In the meantime, Mr. Modi filed a complaint against the Debtor on August 21, 2015 in the above-styled case, alleging her discharge should be barred under 11 U.S.C. § 727 and her debt to him should be deemed non-dischargeable under 11 U.S.C. § 523. The complaint was amended on October 22, 2015, October 26, 2015, November 12, 2015, and July 14, 2016. After several conferences and motions, the Court decided to proceed in this trial only on the Section 727 portions of the complaint, reserving a trial on the Section 523 allegations if necessary until after a determination of whether the Debtor was entitled to a discharge at all. At the trial, Plaintiff alleged (1) the Debtor made numerous false statements in her Schedules, SOFA and at trial; (2) concealed her interest in certain vehicles; (3) failed to maintain adequate records at SHM; (4) failed to satisfactorily explain the loss of assets; and (5) failed to comply with certain discovery orders.
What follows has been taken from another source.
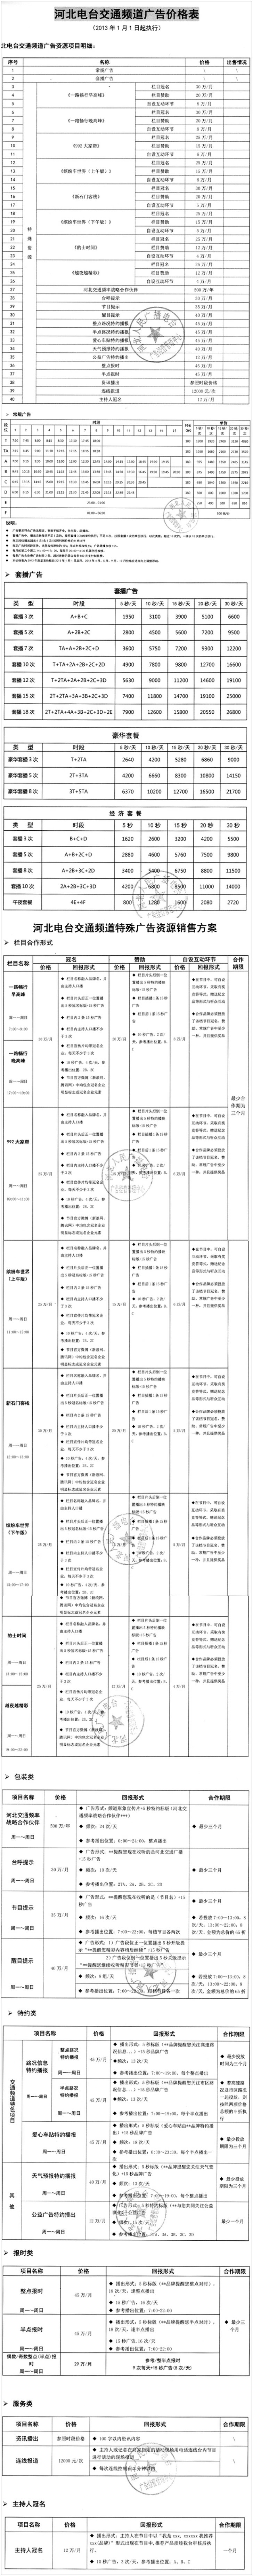 2013河北人民广播电台交通广播FM99.2广告报价表.jpg

Additional Findings of Fact are made below in connection with each of Plaintiffs allegations and are incorporated herein as additional Findings of Fact.

LEGAL CONCLUSIONS

Plaintiff contends the Debtor’s discharge should be denied under 11 U.S.C. § 727(a)(2), (a)(3), (a)(4), (a)(5) and (a)(6). Because one of the fundamental goals of the Bankruptcy Code is to provide a debtor with a fresh start, “[a] denial of a discharge is an extraordinary remedy and therefore, statutory exceptions to discharge must be construed liberally in favor of the debtor and strictly against the objecting party.” Eastern Diversified Distribs., Inc. v. Matus (In re Matus), 303 B.R. 660, 671 (Bankr. N.D. Ga. 2004) (cites omitted). “[T]he reasons for denying a discharge ... must be real and substantial, not merely technical and conjectural.” Equitable Bank v. Miller (In re Miller), 39 F.3d 301, 304 (11th Cir. 1994) (cites omitted). The burden of proving the objection to discharge is generally on Plaintiff, Fed. R. Bankr. P. 4005, and the burden must be carried by a preponderance of the evi[345]*345dence. Grogan v.